Фантастика 2025-127 — страница 975 из 1101

— Андрей, да пойми ты, это единственная надежа! Пчеломатка все равно погибнет со временем, а если возьмешь её и несколько пчелок, есть шанс.

От волнения дед наклонился вперед и сжал пальцами стенку улья так, что побелели костяшки. От него запахло адреналином, этот запах всегда очень сильный, его мой нос ловит часто.

Я потер лоб и покосился на пчел. Те неспешно ползают и не знают, что последние не только в своем роде, но и последние в качестве шанса на зеленый мир для людей. Верить в байку Никифора дело последнее, не может быть никакой Печоре деревьев. Иначе Лютецкий туда бы уже добрался. Кроме того, взять ответственность за спасение последней пчеломатки — слишком тяжелая ноша для одного разработчика.

Глубоко вздохнув, я покачал головой и произнёс:

— Нет, Никифор. Даже если допустить, что севере что-то есть, у меня ни маршрута, ни карты, ни транспорта. А логика подсказывает, переть туда не день, и не два. Так что пойду своей дорогой. Не серчай.

Надежда в глазах дед погасла, как солнце после вечерней зари, он прикрыл крышку улья и проговорил упавшим голосом:

— Дам тебе паек…

После чего прошаркал куда-то в темноту, какое-то время возился, потом вернулся с коробкой сухпайка, увеличенным, что значит, внутри дополнитиельно не только картошка, но и сладкий батат.

— Вот, — протянув мне коробку, угрюмо проговорил дед. — Тут достаточно на пару дней. Ты иди наверх, а я сейчас.

Хотелось остаться и ещё немного посмотреть на пчел, вряд ли ещё такое увижу. Но Никифор осунулся и поник, мой отказ участвовать его огорчил, я решил ему не мешать предаваться сожалениям и поднялся в кухню.

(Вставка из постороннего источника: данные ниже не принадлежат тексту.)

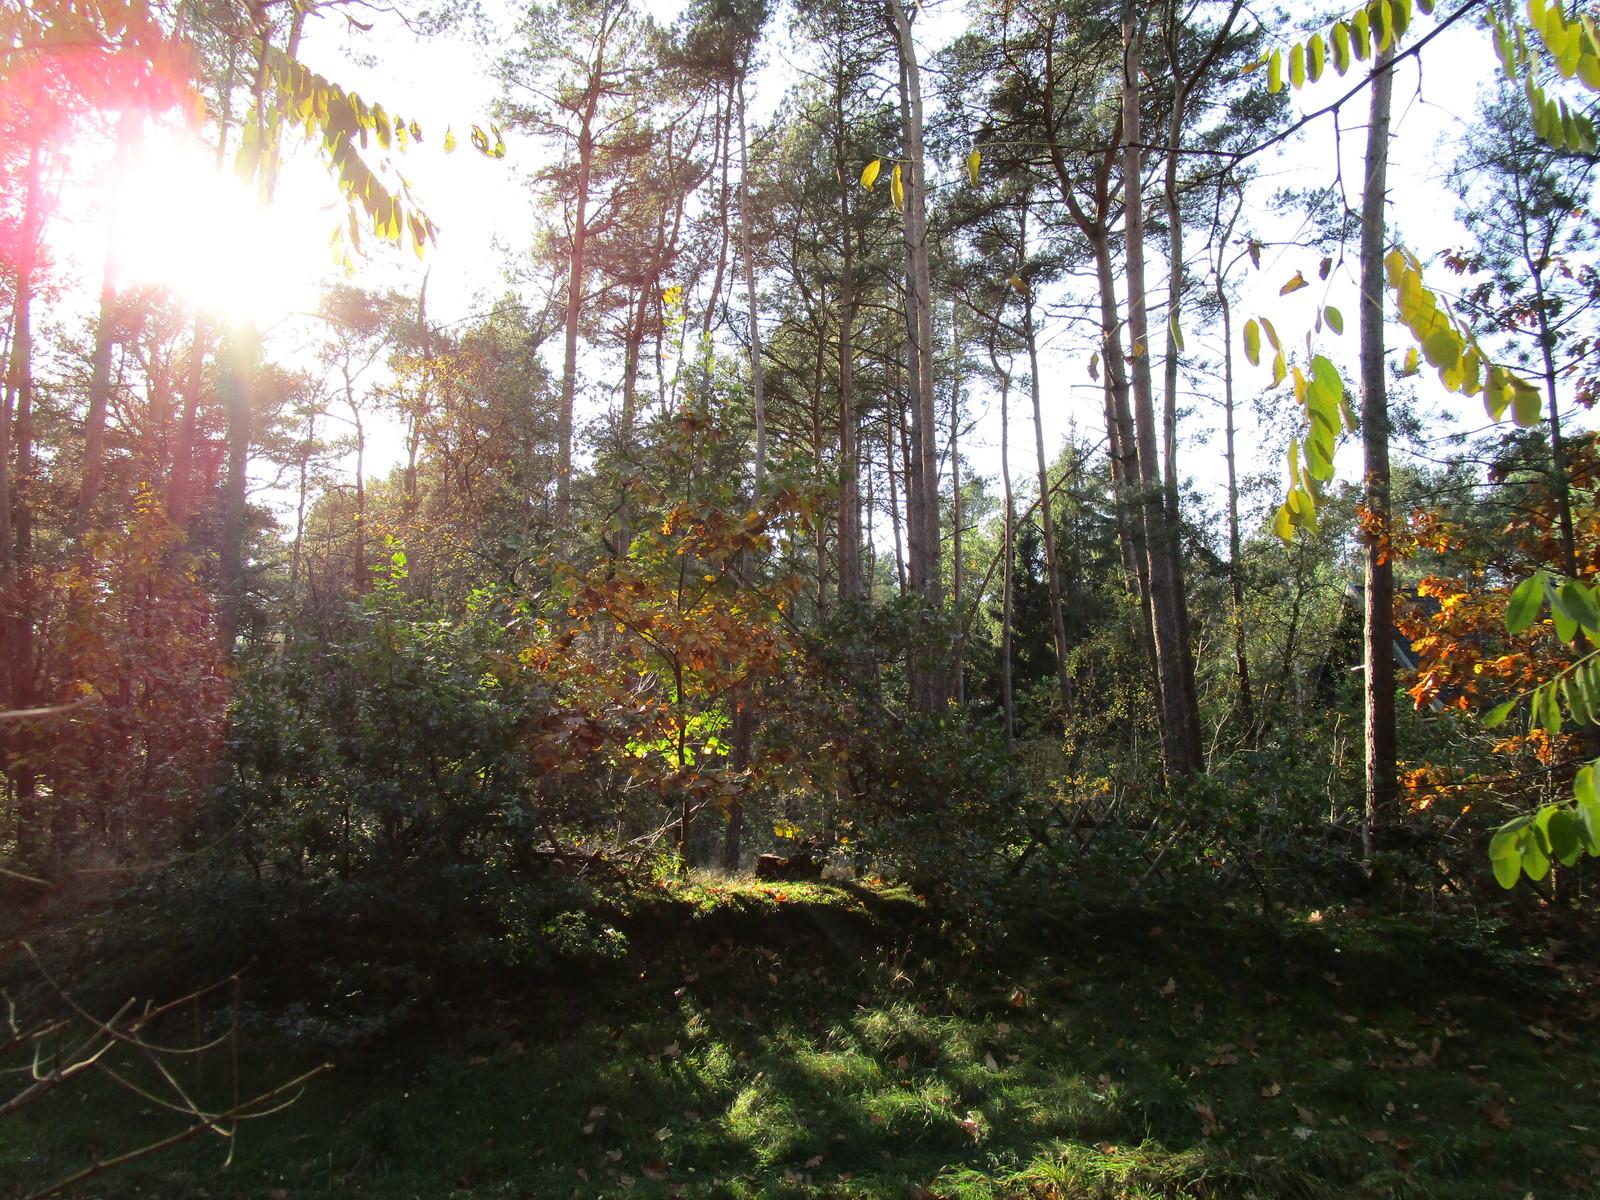 Waldgrundstück bauberater de bauberatung baubetreuung baufinanzierung

Там Катерина, уже переодетая в коричневые штаны, которые красиво облегают бедра, и серую рубашку с длинным рукавом и вырезом, обжаривала кукурузные лепешки.

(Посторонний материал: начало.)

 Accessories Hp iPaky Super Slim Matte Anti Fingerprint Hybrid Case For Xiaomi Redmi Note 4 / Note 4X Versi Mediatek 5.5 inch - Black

Увидев меня, девушка охнула, щеки порозовели, она быстро перехватила волосы веревочкой в низкий хвост и прощебетала запыхано, будто не лепешки жарила, а по лестницам бегала:

— Ой, а ты здесь. Я думала, уже ушел…

— Хороший постоялый двор у вас, — сообщил я и непроизвольно расплылся в улыбке, глядя, как Катерина засуетилась.

— Это все Никифор, — согласилась она и стала перекладывать лепешки в глиняную плошку. — Но ты не останешься, да?

— Только на ночь, — ответил я, разглядывая Катерину со спины. Стройная, зад крепкий, бедра округлые, в штанах это видно особенно. В Красном граде у меня были девушки, но ни одной я не смог бы доверить тайну о своей мутации.

Катерина вздохнула так тяжко, что прозвучало нарочно, а когда пустынный ветер ворвался в форточку, до меня долетел её мятный и сладковатый запах. Пока Катя не видит, я прикрыл глаза — приятно.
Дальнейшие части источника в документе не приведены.